Burnt trees and a bus are pictured following a wildfire in El Kala, in Al Tarf province, Algeria August 18, 2022.

Parts of Algeria were hit with wildfires in August 2022

At least 15 people have been killed and thousands evacuated after wildfires broke out across Algeria, the country’s interior ministry says.

Outbreaks of 97 wildfires were recorded across 16 provinces affecting forest, crops and farmland on Monday.

Around 7,500 firefighters and 350 fire trucks were working to bring the blazes under control, authorities said.

Twenty-six people were also injured and 1,500 evacuated from their homes in Fenaia, Bejaia, Zbarbar and Bouira.

Ten soldiers were killed battling the fires in Bejaia, the Algerian defence ministry said.

The most extensive fires, in the mountainous Kabylie region to the east of Algiers, spread to residential areas in the coastal towns of Bejaia and Jijel, fanned by high winds.

Northern Algeria has been experiencing a record heatwave in recent days, with temperatures reaching 48C.

Temperatures in several regions in North Africa are up to 7C higher than normal for the time of year.

Algeria’s Meteorological Office has warned that temperatures of more than 48C are likely to continue until the end of the month in the north of the country.

On Monday, Algeria’s national electricity and gas company, Sonelgaz, said it had recorded a “historic peak” in electricity consumption.

A leading outlet critical of the government, Tout Sur l’Algerie (TSA), reported earlier this month there had been an unprecedented use of air conditioners, saying current methods of construction were less effective than traditional bricks in keeping homes cool.
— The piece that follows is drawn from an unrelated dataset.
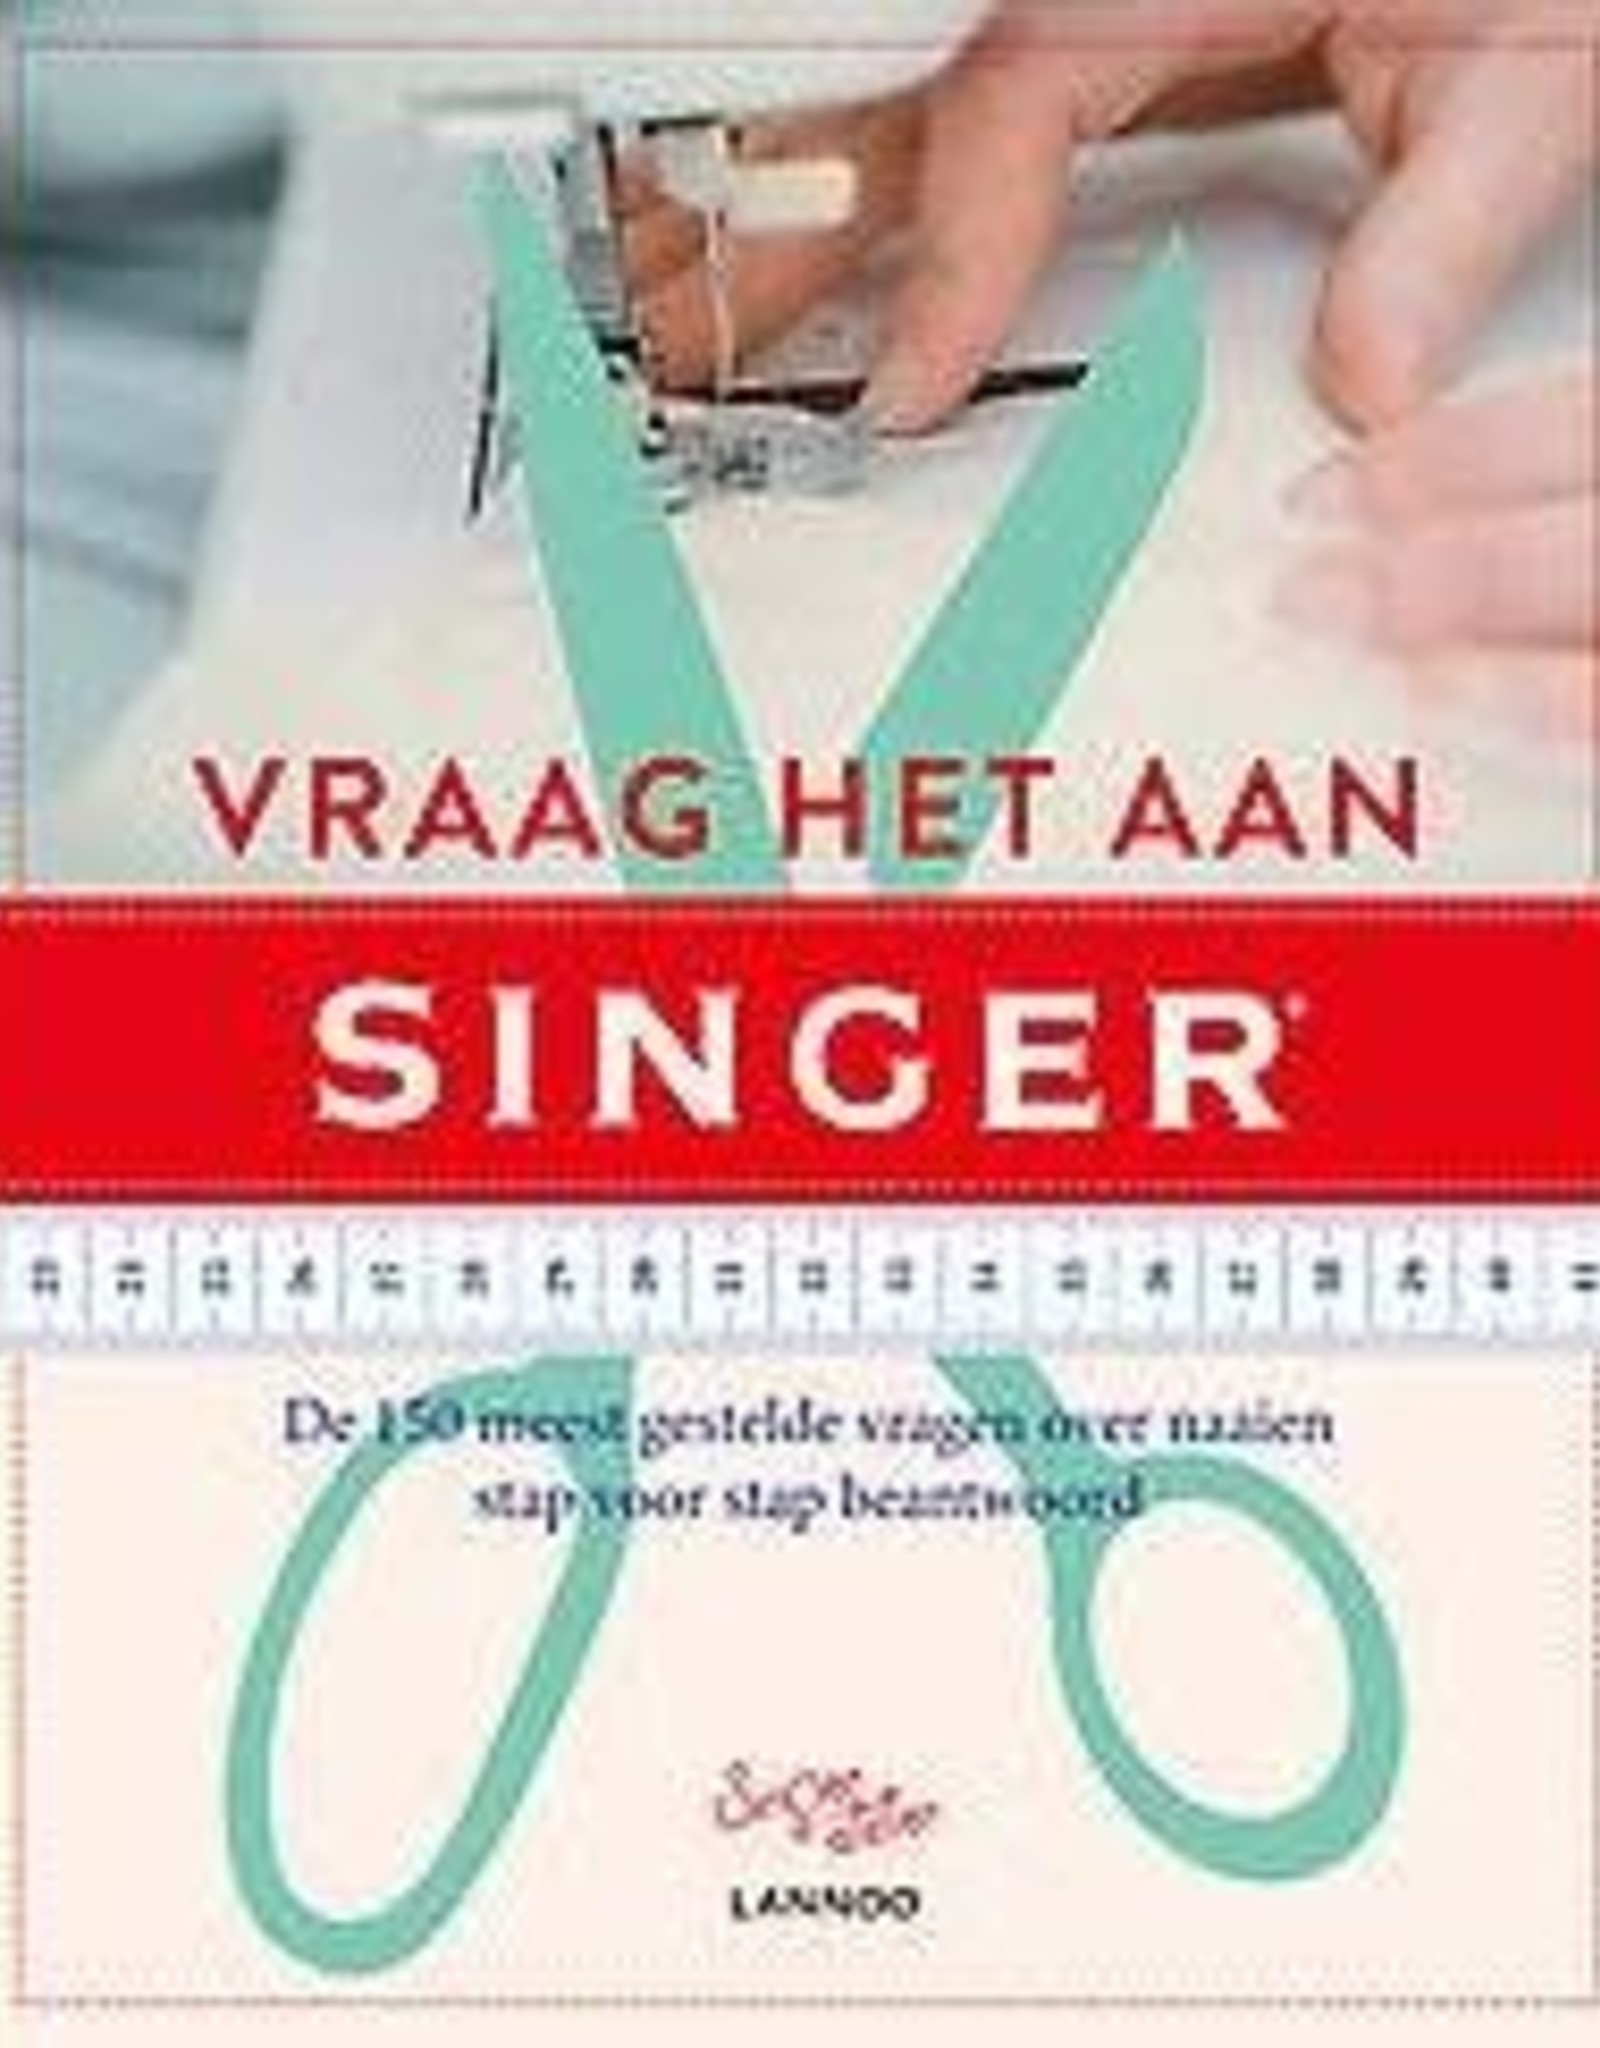 Naaiboek vraag het aan singer

Meanwhile, southern Europe has been dealing with a challenging heatwave that has seen Greece ravaged by wildfires.

The UN weather agency, the World Meteorological Organization, has warned that the heatwave in Europe could continue into August and that the extreme temperatures sweeping the globe are the new normal in a world warmed by climate change.

The three hottest days ever recorded were in July, according to the EU climate and weather service, Copernicus.

The average world temperature hit 16.89C on Monday 3 July and topped 17C for the first time on 4 July, with an average global temperature of 17.04C.

Provisional figures suggest that was exceeded on 5 July when temperatures reached 17.05C.

The World Meteorological Organization says extreme weather patterns highlight the need for greater climate action.

Climate change increases the risk of the hot, dry weather that is likely to fuel wildfires. The world has already warmed by about 1.1C since the industrial era began and temperatures will keep rising unless governments around the world make steep cuts to emissions.